EXERCISE DIRECTIONS: Before returning the data, strip out the pictures and keep everything else exactly the same.

DATA EXCERPT:
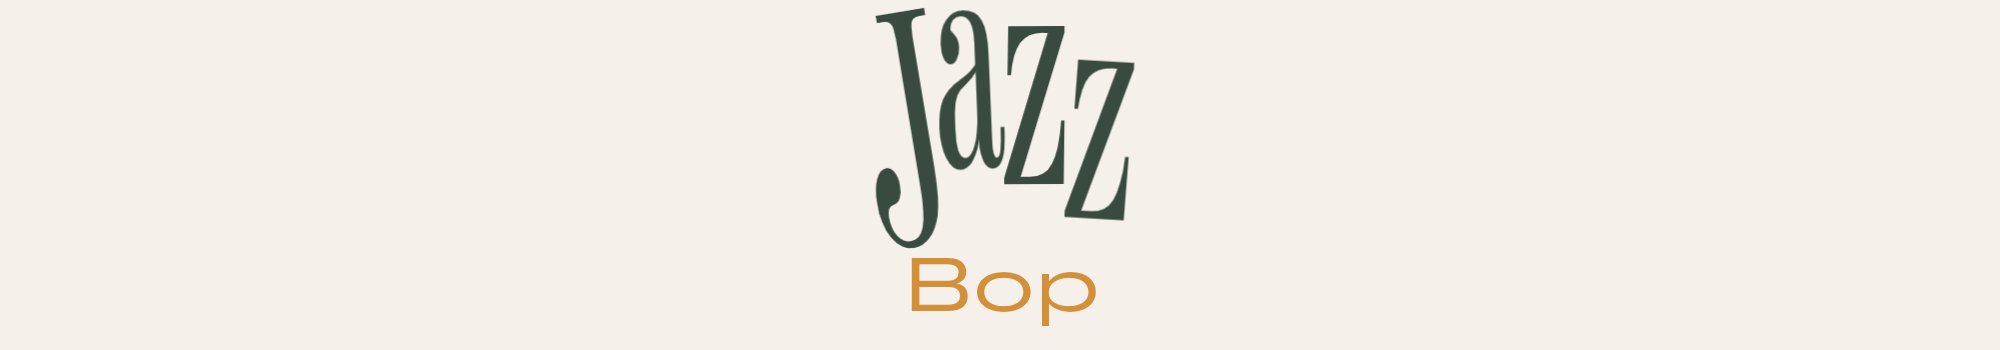 Rubrik till kategori: Jazz - Bop
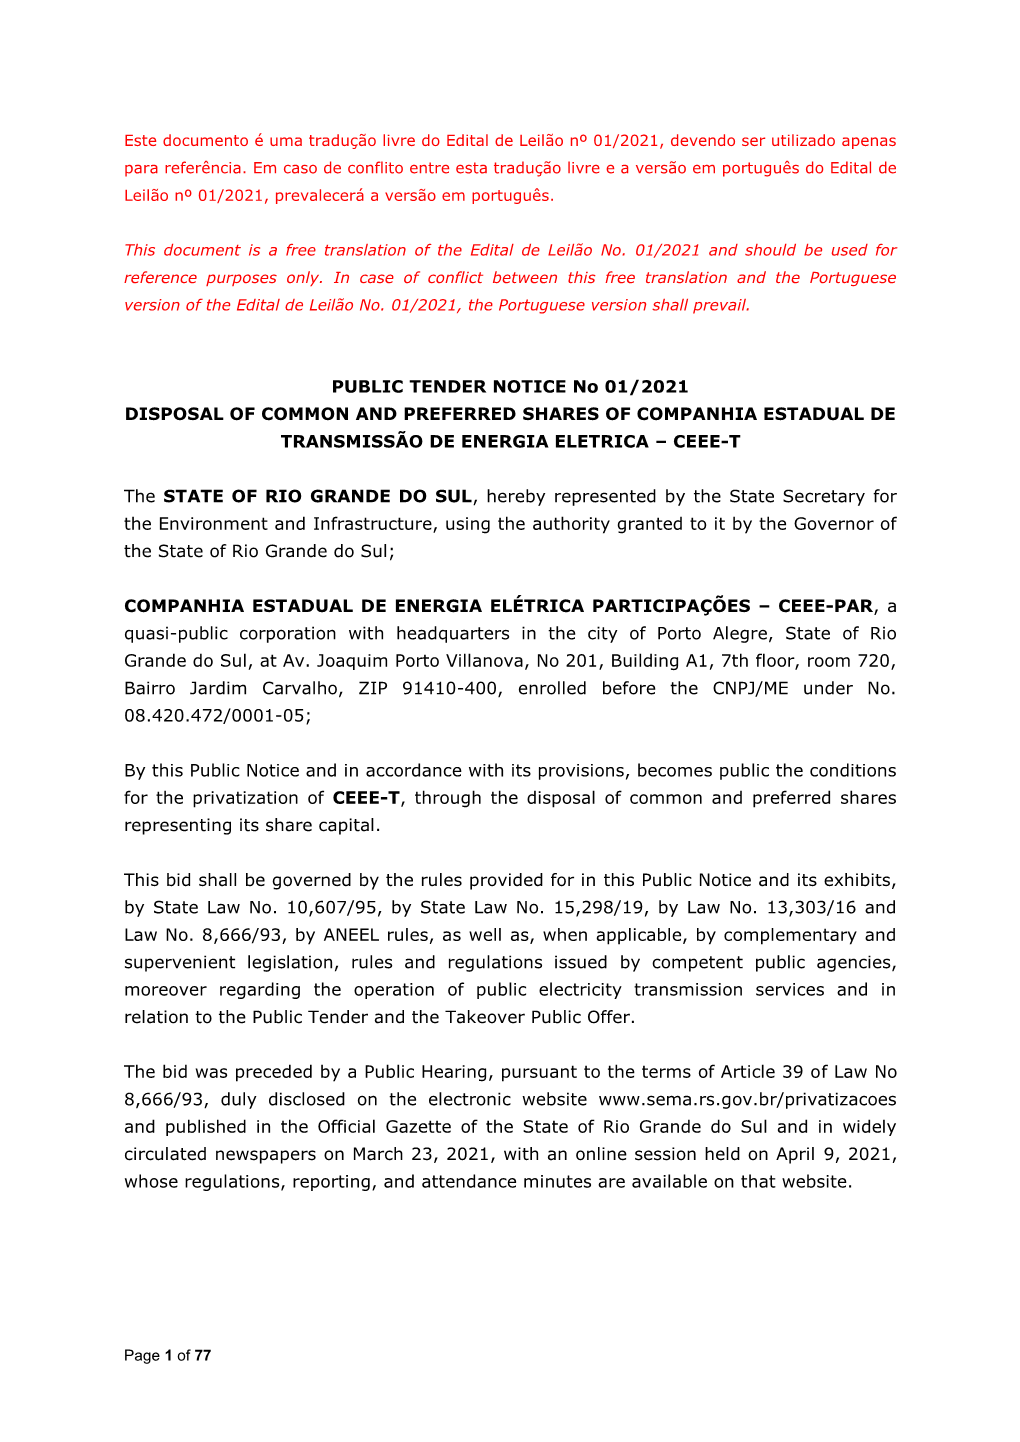 PUBLIC TENDER NOTICE No 01/2021 DISPOSAL of COMMON and PREFERRED SHARES of COMPANHIA ESTADUAL DE TRANSMISSÃO DE ENERGIA ELETRICA – CEEE-T
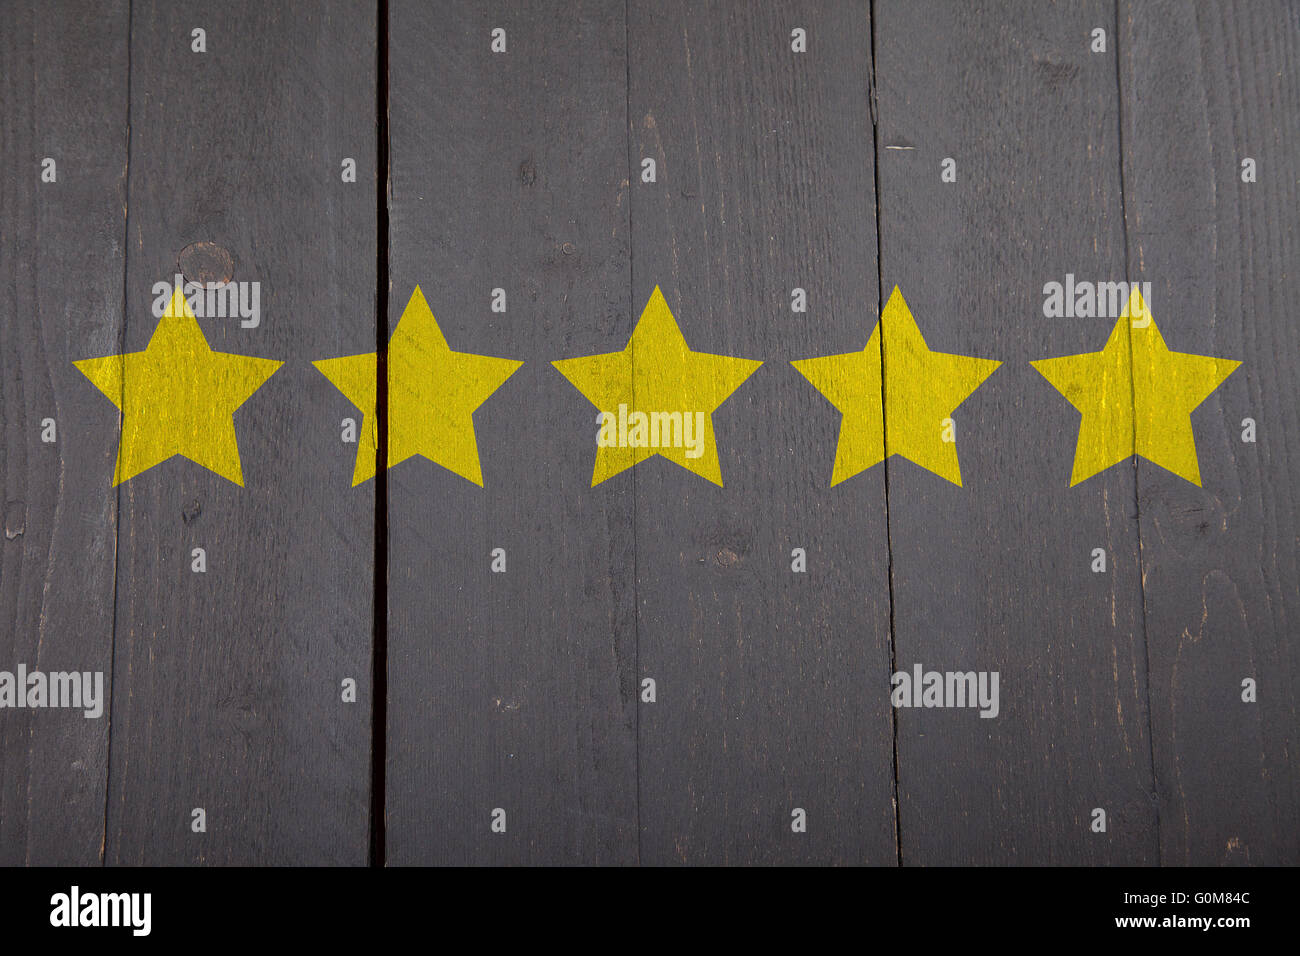 Five yellow ranking stars on black wooden background Stock Photo
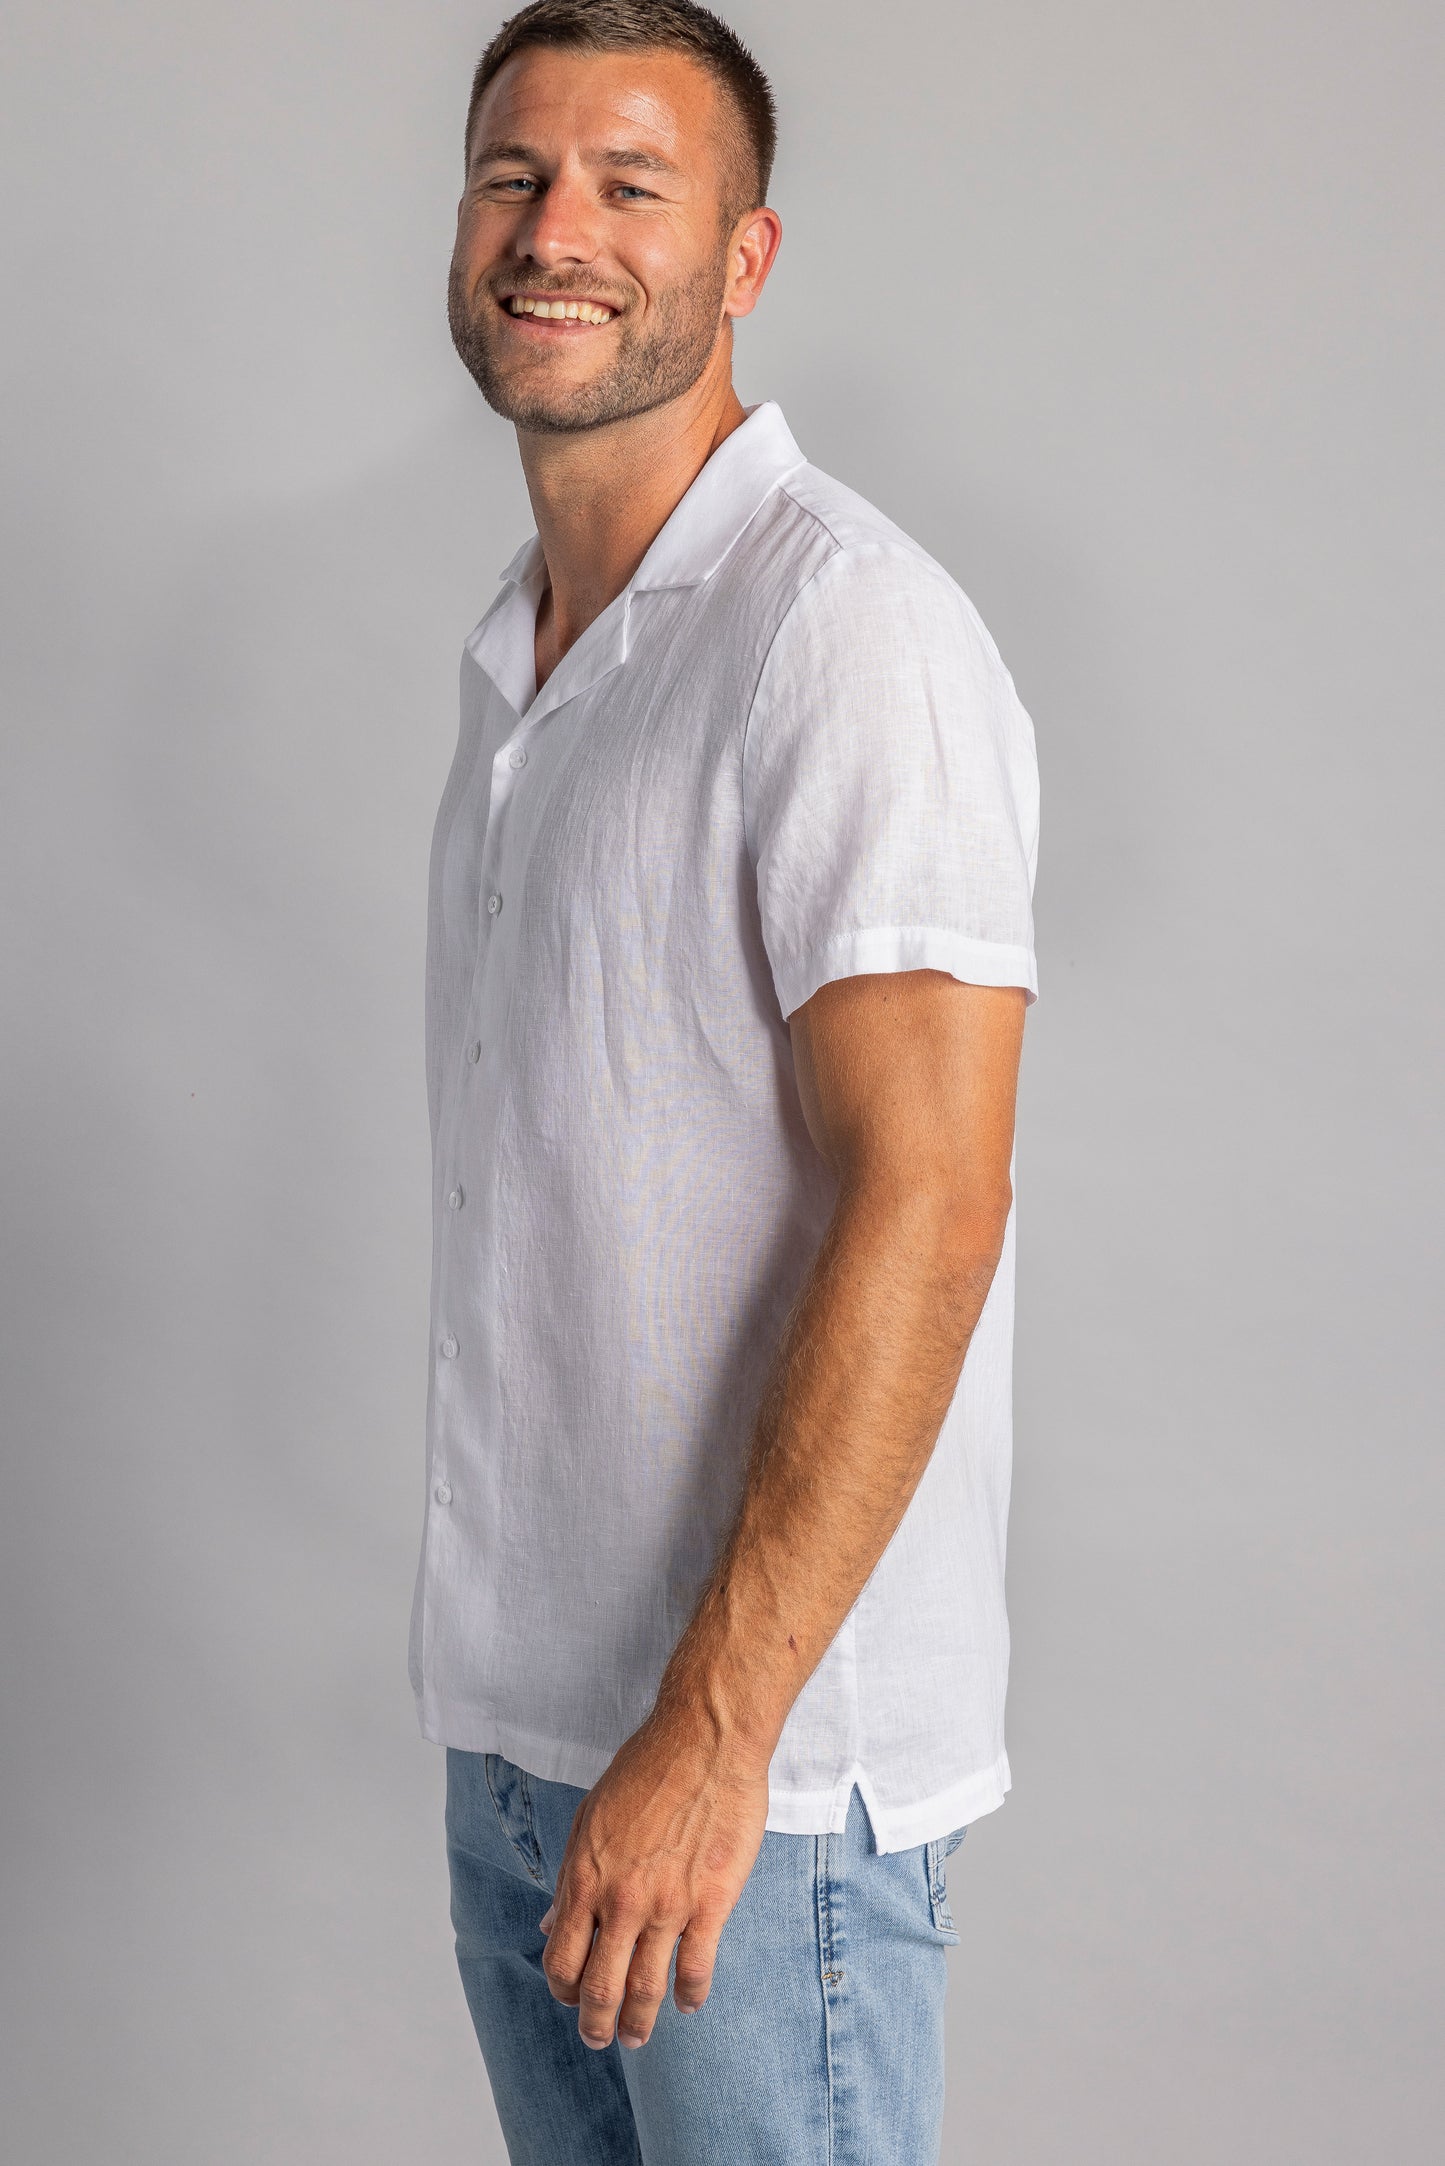 Linen shirt, white

FINAL ANSWER:
 Rubrik till kategori: Jazz - Bop
 PUBLIC TENDER NOTICE No 01/2021 DISPOSAL of COMMON and PREFERRED SHARES of COMPANHIA ESTADUAL DE TRANSMISSÃO DE ENERGIA ELETRICA – CEEE-T
 Five yellow ranking stars on black wooden background Stock Photo
 Linen shirt, white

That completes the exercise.